Der Anteil der "Reisehepatitis" lag in den letzten Jahren bei etwa 40 bis 50 Prozent aller in Deutschland gemeldeten Hepatitis-A-Fälle. Die eher harmlosen Formen der Leberentzündung - die Erreger A und E - werden meist aus Ländern mitgebracht, in denen die hygienischen Standards schlecht sind. Die Übertragung erfolgt durch verunreinigte Nahrungsmittel und verunreinigtes Wasser (oder Eiswürfel) und Salate.  "Cook it, peel it or forget it" (übersetzt: "Abkochen, schälen oder die Finger davon lassen!") - das strikte Einhalten dieser Regel kann das Infektionsrisiko erheblich herabsetzen. Das heißt: Ungekochte Nahrungsmittel und ungeschältes Obst sollten unbedingt vermieden werden. Obwohl Hepatitis der Formen A und E auch einen schweren Verlauf nehmen können, heilen sie in der Regel aus. Gegen Hepatitis A kann man sich durch eine entsprechende Impfung schützen.

  • Hepatitis B

Hepatitis B ist weltweit verbreitet. Schätzungen zufolge sind zwischen 300 und 420 Millionen Menschen chronisch mit dem Hepatitis-B-Virus infiziert, also fünf bis sieben Prozent der Weltbevölkerung. Besonders oft treten Hepatitis-B-Infektionen in Zentralafrika, Südostasien, Süd- und Osteuropa und im Pazifik auf. In Europa gibt es ein klares Krankheitsgefälle: Während in den skandinavischen Ländern weniger als 0,1 Prozent der Bevölkerung chronisch, also dauerhaft, mit dem Hepatitis-B-Virus infiziert sind, sind es in Ost- und Südeuropa fast acht Prozent. In Deutschland sind ca. 400.000 bis 500.000 Menschen chronisch mit dem Hepatitis-B-Virus infiziert.
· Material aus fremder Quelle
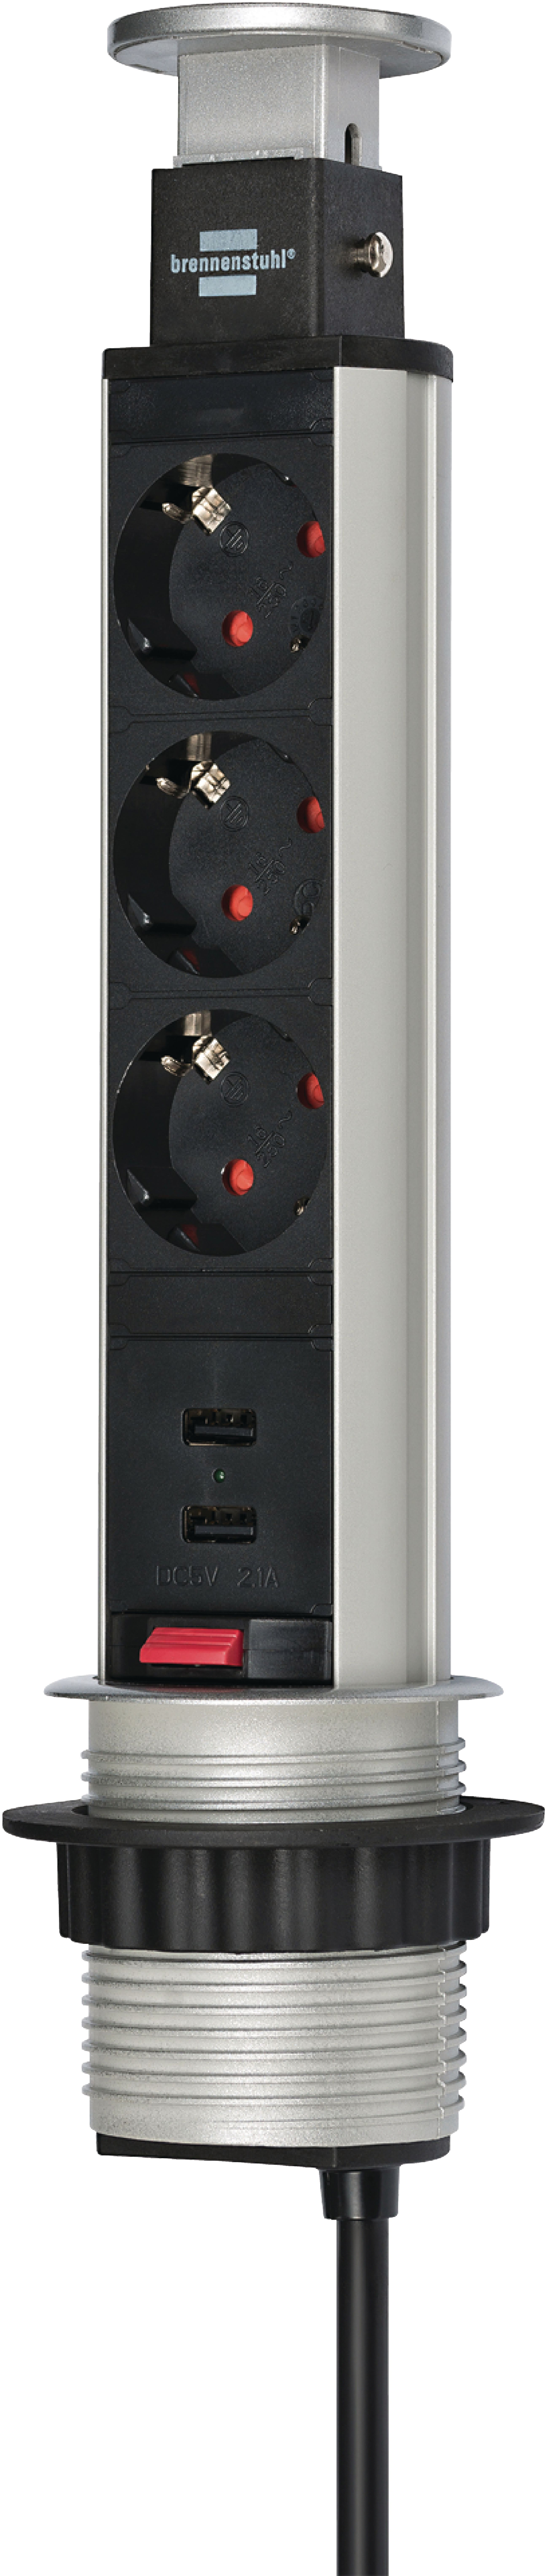 Tower Power zásuvkový sloupek, 3 zásuvky schukko, 2 USB, 2 m Brennenstuhl BN-1396200013

Was bringt eine Impfung, was kostet sie?

Für Reisende, die in Gebieten mit erhöhtem Hepatitisrisiko unterwegs sind, empfiehlt sich neben der Einhaltung strikter Hygieneregeln eine Impfung gegen Hepatitis A und B. Hepatitis B ist seit 2007 eine Standard-Schutzimpfung. Sie wird von den Krankenkassen übernommen und wird jedem Neugeborenen und Jugendlichen angeboten. Der Impfschutz hält zehn Jahre, danach wird zu einer Auffrischimpfung geraten. Eine Hepatitis-A-Impfung ist in Deutschland nur für besondere Personenkreise eine Regelleistung der Krankenkassen. Ansonsten kostet diese dreimalige Impfung ca. 150 Euro, in Kombination A und B liegen die Kosten bei 180 Euro. Sie bietet sicheren Schutz und sollte nach zehn Jahren aufgefrischt werden.